Describe what transformation happen in red line, green line, blue line and yellow line!
Solution.
a. (Red) The specimen is cooled rapidly to 433 K and left for 20 minutes. The cooling rate is too rapid for pearlite to form at higher temperatures; therefore, the steel remains in the austenitic phase until the Ms temperature is passed, where martensite begins to form. Since 433 K is the temperature at which half of the austenite transforms to martensite, the directquench converts 50% of the structure to martensite. Holding at 433 K forms only a small quantity of additional martensite, so the structure can be assumed to be half martensite and half retained austenite.
b. (Green) The specimen is held at 523 K for 100 seconds, which is not long enough to form bainite. Therefore, the second quench from 523 K to room temperature develops a martensitic structure.

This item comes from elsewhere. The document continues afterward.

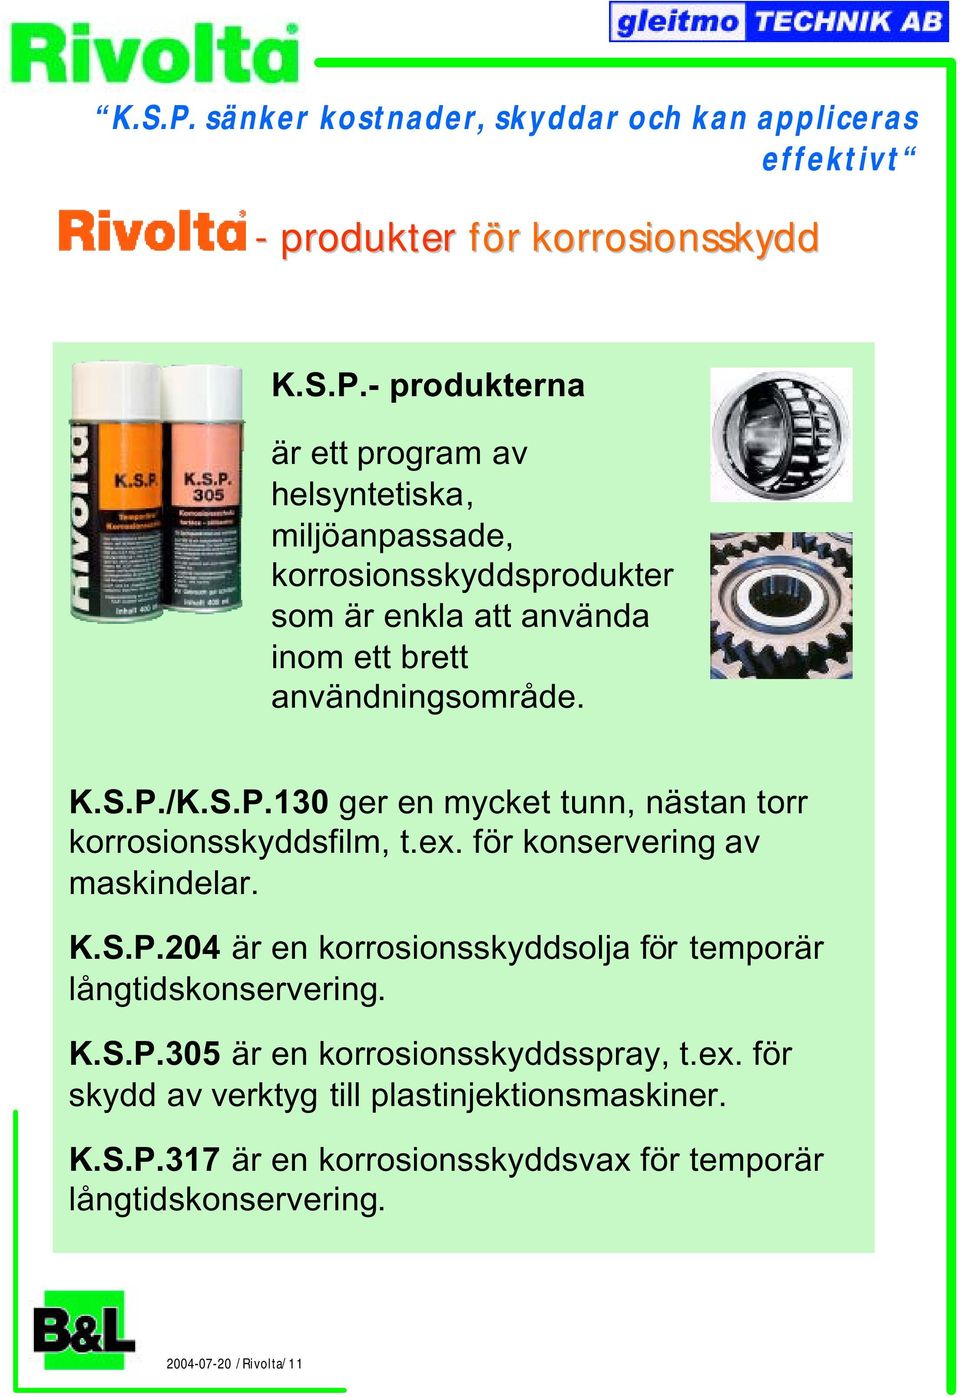 K.S.P.305 är en korrosionsskyddsspray, t.ex. för skydd av verktyg till plastinjektionsmaskiner. K.S.P.317 är en korrosionsskyddsvax för temporär långtidskonservering.
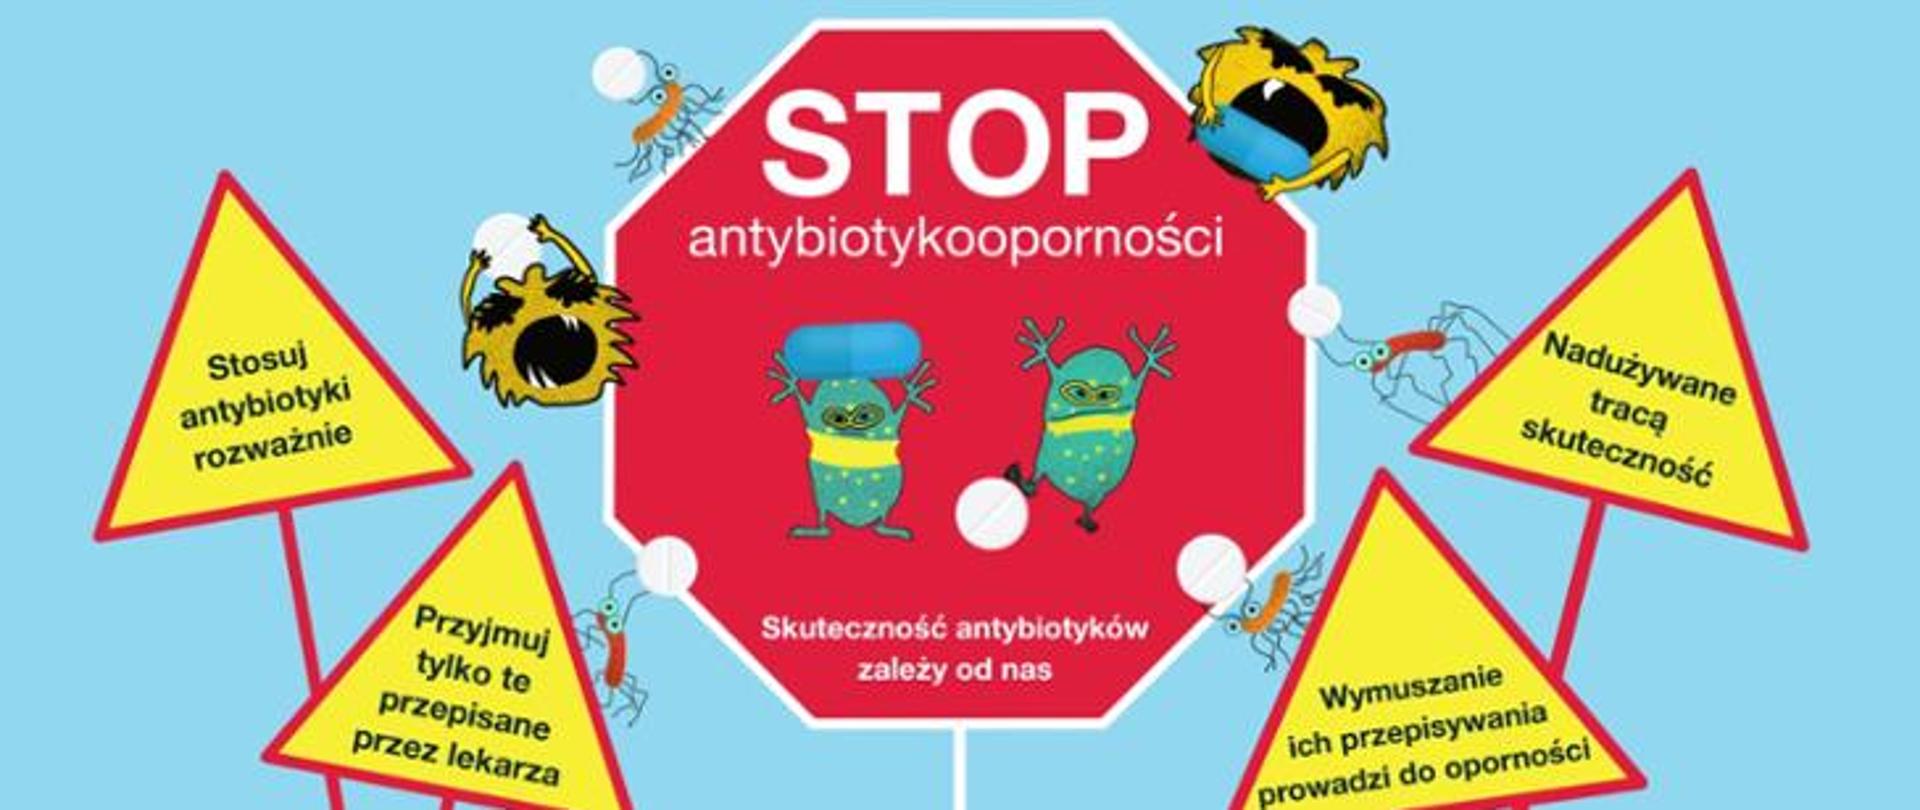 Stop antybiotykooporności

c. (Blue) An isothermal hold at 573 K for 500 seconds produces a half-bainite and half-austenite structure. Cooling quickly would result in a final structure of martensite and bainite.
d. (Orange) Austenite converts completely to fine pearlite after eight seconds at 873 K. This phase is stable and will not be changed on holding for 100,000 seconds at 873 K. The final structure, when cooled, is fine pearlite.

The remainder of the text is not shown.